StackChan is a palm-sized robot built on the M5Stack CoreS3 (ESP32-S3). It ships with the open-source xiaozhi-esp32 firmware, which normally relies on the Xiaozhi cloud for speech recognition, language model, and text-to-speech. This add-on replaces that with a Home Assistant add-on: your voice data goes to OpenAI or Google Gemini (your pick) instead of Xiaozhi, and Home Assistant stays entirely on your local network.

The device firmware is never modified — the add-on speaks the same Xiaozhi WebSocket protocol v3 the device already expects. Voice commands are processed by either OpenAI Realtime API or Google Gemini Live API (streaming speech-to-speech, ~0.5–1.5 s latency, switchable from the add-on UI), and the robot can control any Home Assistant device by voice.

Key features:

Choice of provider: OpenAI Realtime API or Google Gemini Live API, switchable in the add-on UI
~0.5–1.5 s end-to-end latency via streaming speech-to-speech
Controls lights, climate, covers, media players, and scripts by voice
Area-based control ("turn off all lights in the living room")
No Xiaozhi account — audio is processed by OpenAI/Gemini, HA stays on your LAN
Easy installation as a standard Home Assistant add-on

How It Works

This add-on replaces the Xiaozhi cloud entirely. The StackChan device thinks it's talking to Xiaozhi's servers, but it's actually talking to this local server running on your Home Assistant.
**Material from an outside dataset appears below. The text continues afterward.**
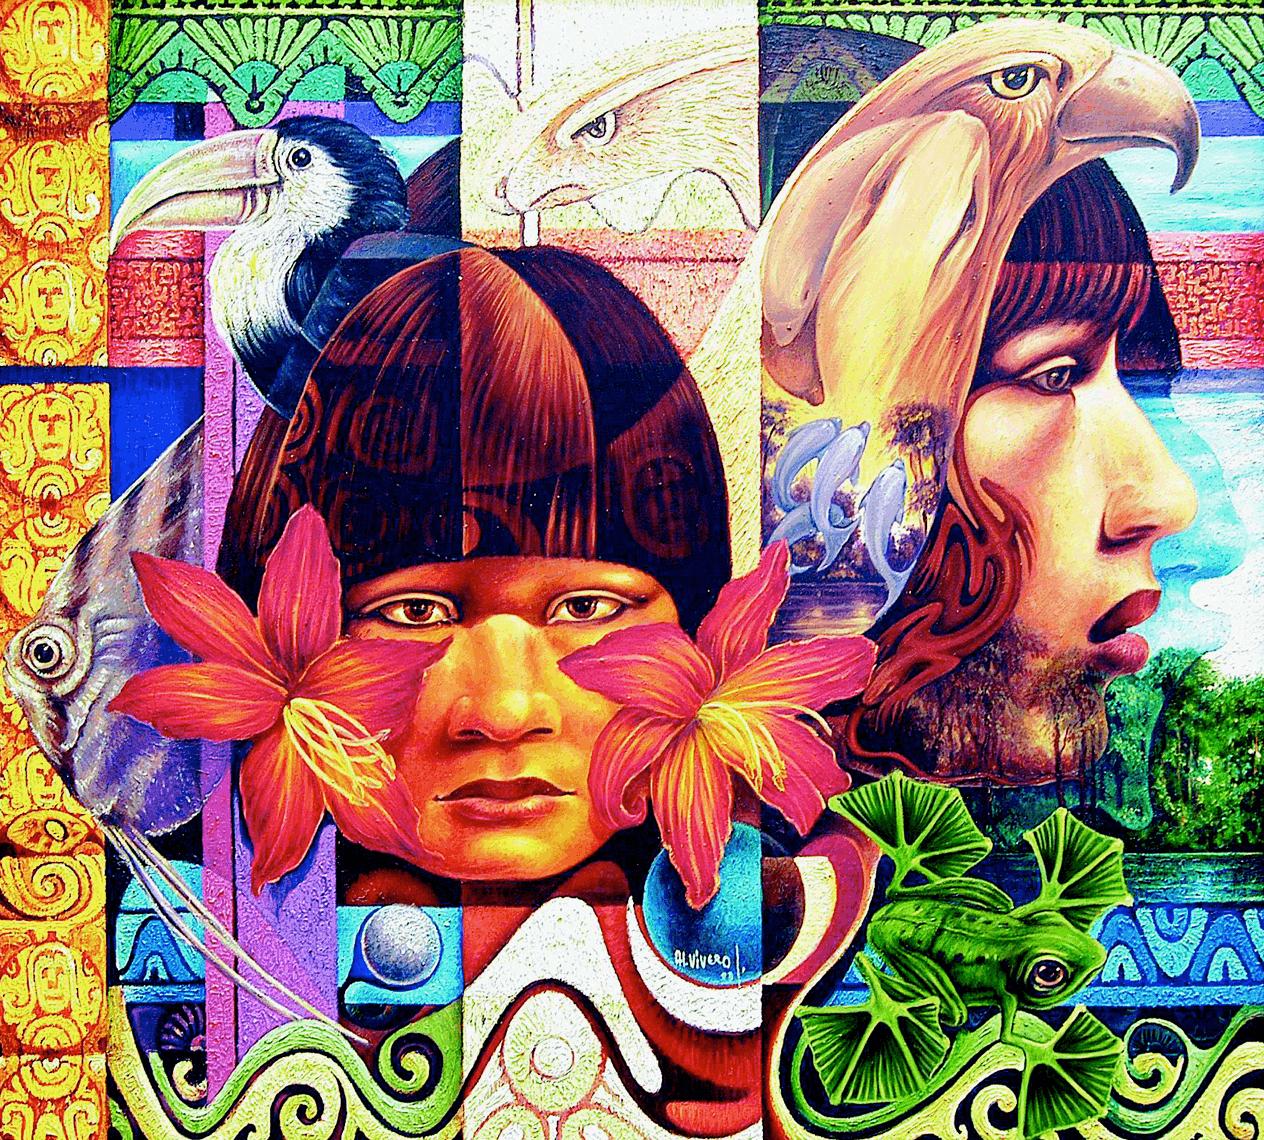 Alfredo Vivero, Espíritus femeninos del Amazonas, 1993.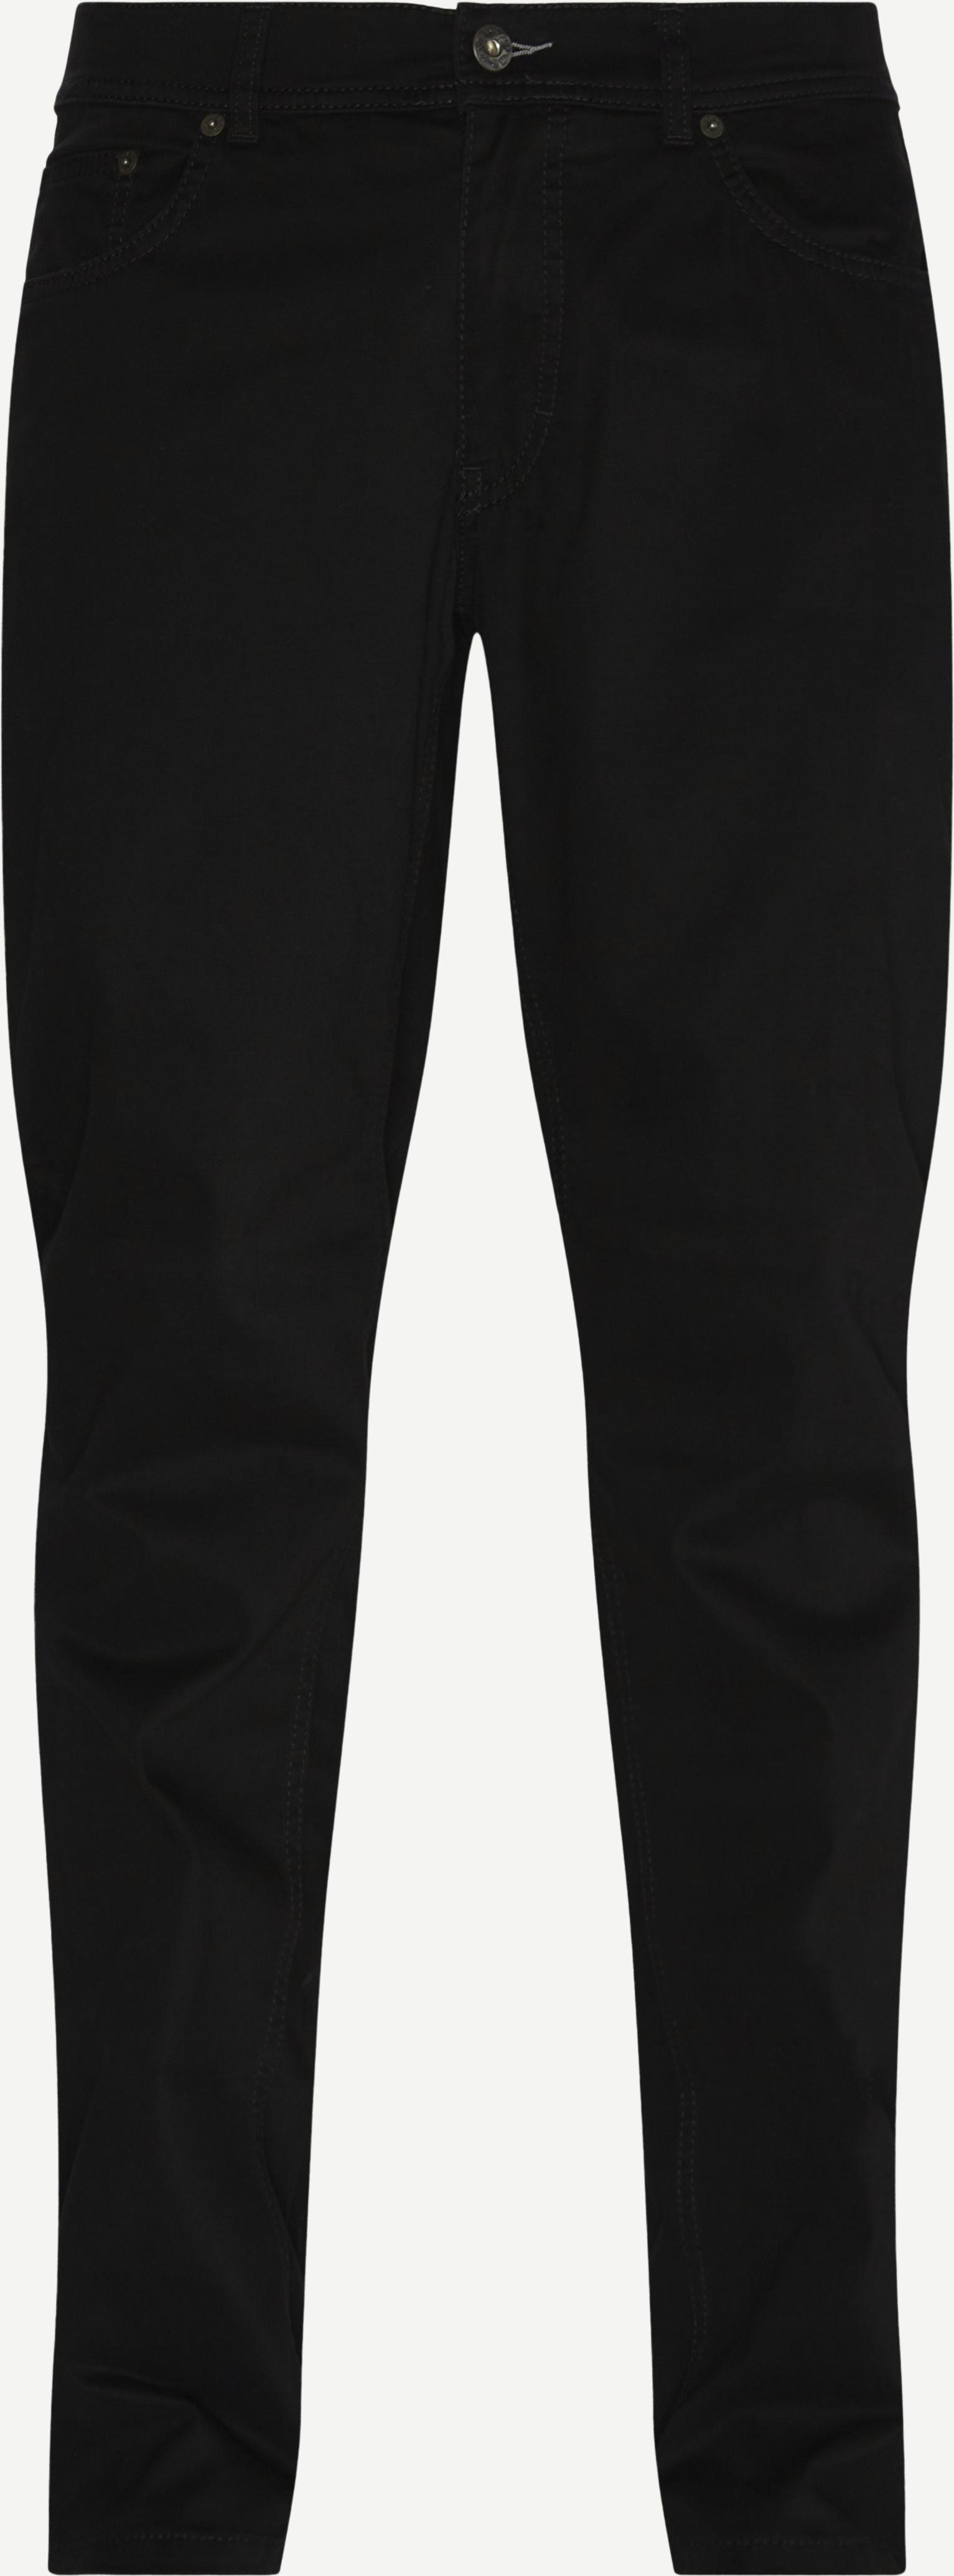 Cooper Jeans - Jeans - Regular - Svart

StackChan ESP32-S3  (unmodified xiaozhi-esp32 firmware)
    │  Xiaozhi WebSocket protocol v3 (OPUS audio + JSON)
    ▼
StackChan AI Server  (this add-on, on your HA at port 12800)
    ├─ /xiaozhi/ota/  → returns local WebSocket address
    └─ /xiaozhi/ws    → WebSocket session
         ├─ OpenAI Realtime API  ─┐
         │                        ├─ STT + LLM + TTS, streaming (pick one)
         └─ Gemini Live API     ──┘
         └─ Home Assistant WebSocket API (device control)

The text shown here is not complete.